With `transforEmotion` you can use cutting-edge transformer models for zero-shot emotion classification of text, image, and video in R, *all without the need for a GPU, subscriptions, paid services, or using Python*.

- [How to install the package?](#how-to-install)
- [How to run sentiment analysis on text?](#text-example)
- [How to run facial expression recognition on images?](#image-example)
- [How to run facial expression recognition on videos?](#video-example)

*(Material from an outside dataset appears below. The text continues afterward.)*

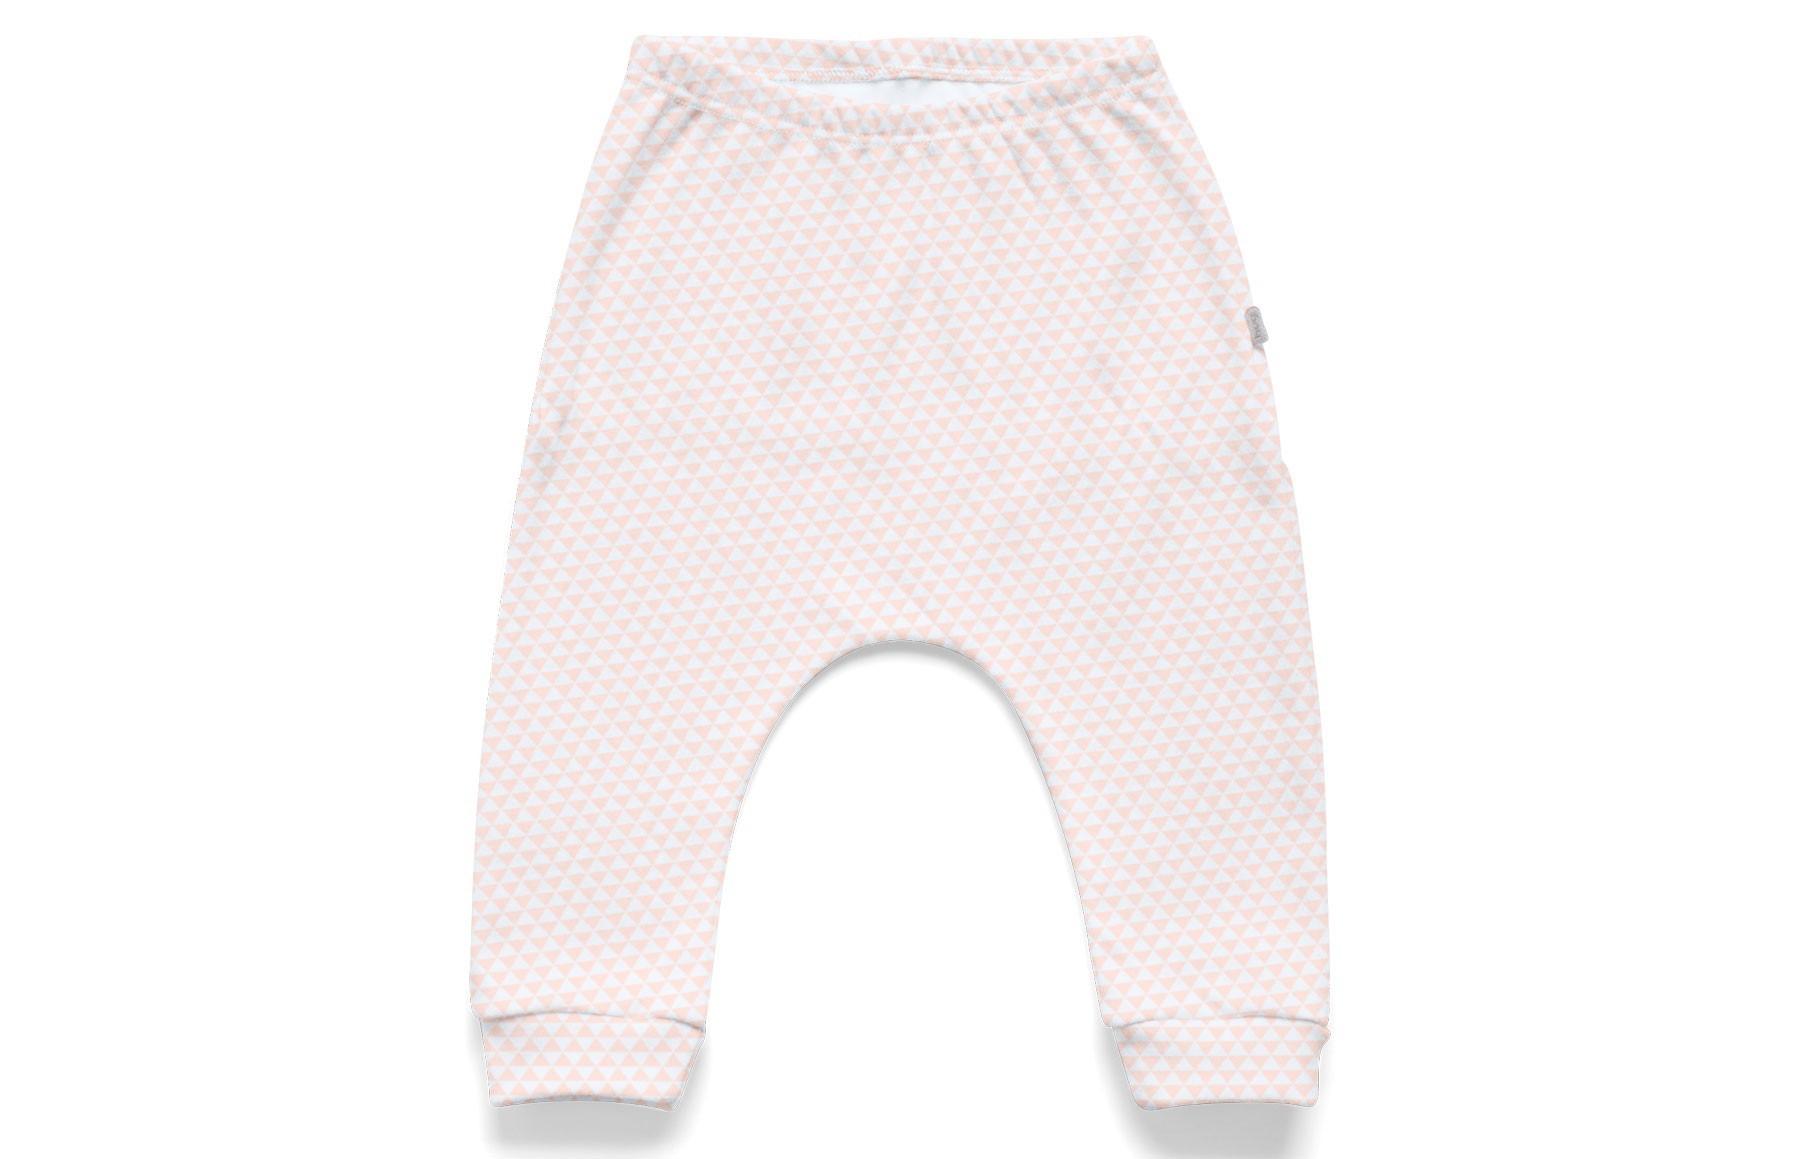 Kit Body Longo + Calça + Bandana - Lembrança de Infância Rosa

<!-- Implements sentiment analysis using [huggingface](https://huggingface.co/) transformer zero-shot classification model pipelines. The default pipeline for text is [Cross-Encoder's DistilRoBERTa](https://huggingface.co/cross-encoder/nli-distilroberta-base) trained on the [Stanford Natural Language Inference](https://huggingface.co/datasets/snli) (SNLI) and [Multi-Genre Natural Language Inference](https://huggingface.co/datasets/multi_nli) (MultiNLI) datasets. Using similar models, zero-shot classification transformers have demonstrated superior performance relative to other natural language processing models (Yin, Hay, & Roth, [2019](https://arxiv.org/abs/1909.00161)). All other zero-shot classification model pipelines can be implemented using their model name from https://huggingface.co/models?pipeline_tag=zero-shot-classification. -->

## How to Install

```R
if(!"devtools" %in% row.names(installed.packages())){
  install.packages("devtools")
}

devtools::install_github("atomashevic/transforEmotion")
```

After installing the package, load it in R.

```R
# Load package
library(transforEmotion)
```

After loading package **for the first time**, you need to setup the Python virtual environment. This will download the necessary Python packages and models. This step can take a few minutes but it is only required once after installing the package on a new system.

```R
# Run Python setup
setup_miniconda()
```

## Text Example

Next load some data with text for analysis. The example below uses item descriptions from the personality trait extraversion in the NEO-PI-R inventory found on the [IPIP](https://ipip.ori.org/newNEOFacetsKey.htm) website.

```R
# Load data
data(neo_ipip_extraversion)
```

For the example, the positively worded item descriptions will be used.


```R
# Example text 
text <- neo_ipip_extraversion$friendliness[1:5]
```


Next, the text can be loaded in the function `transformer_scores()` to obtain the probability that item descriptions correspond to a certain class. The classes defined below are the facets of extraversion in the NEO-PI-R. The example text data draws from the friendliness facet.

```R
# Cross-Encoder DistilRoBERTa
transformer_scores(
 text = text,
 classes = c(
   "friendly", "gregarious", "assertive",
   "active", "excitement", "cheerful"
 )
)
```

The default transformer model is [DistilRoBERTa](https://huggingface.co/cross-encoder/nli-distilroberta-base). The model is fast and accurate.

### BART
Another model that can be used is [BART](https://huggingface.co/facebook/bart-large-mnli), a much larger and more computationally intensive model (slower prediction times). The BART model tends to be more accurate but the accuracy gains above DistilRoBERTa are negotiatiable.

```R
# Facebook BART Large
transformer_scores(
 text = text,
 classes = c(
   "friendly", "gregarious", "assertive",
   "active", "excitement", "cheerful"
 ),
 transformer = "facebook-bart"
)
```

### Any Text Classification Model with a Pipeline on [huggingface](https://huggingface.co/models?pipeline_tag=zero-shot-classification) 
Text classification models with a pipeline on huggingface can be used so long as there is a pipeline available for them. Below is an example of [Typeform's DistilBERT](https://huggingface.co/typeform/distilbert-base-uncased-mnli) model.

```R
# Directly from huggingface: typeform/distilbert-base-uncased-mnli
transformer_scores(
 text = text,
 classes = c(
   "friendly", "gregarious", "assertive",
   "active", "excitement", "cheerful"
 ),
 transformer = "typeform/distilbert-base-uncased-mnli"
)
```

## Image Example

For Facial Expression Recognition (FER) task from images we use Open AI's [CLIP](https://huggingface.co/openai/clip-vit-base-patch32) transformer model. Two input arguments are needed: the path to image and list of emotion labels.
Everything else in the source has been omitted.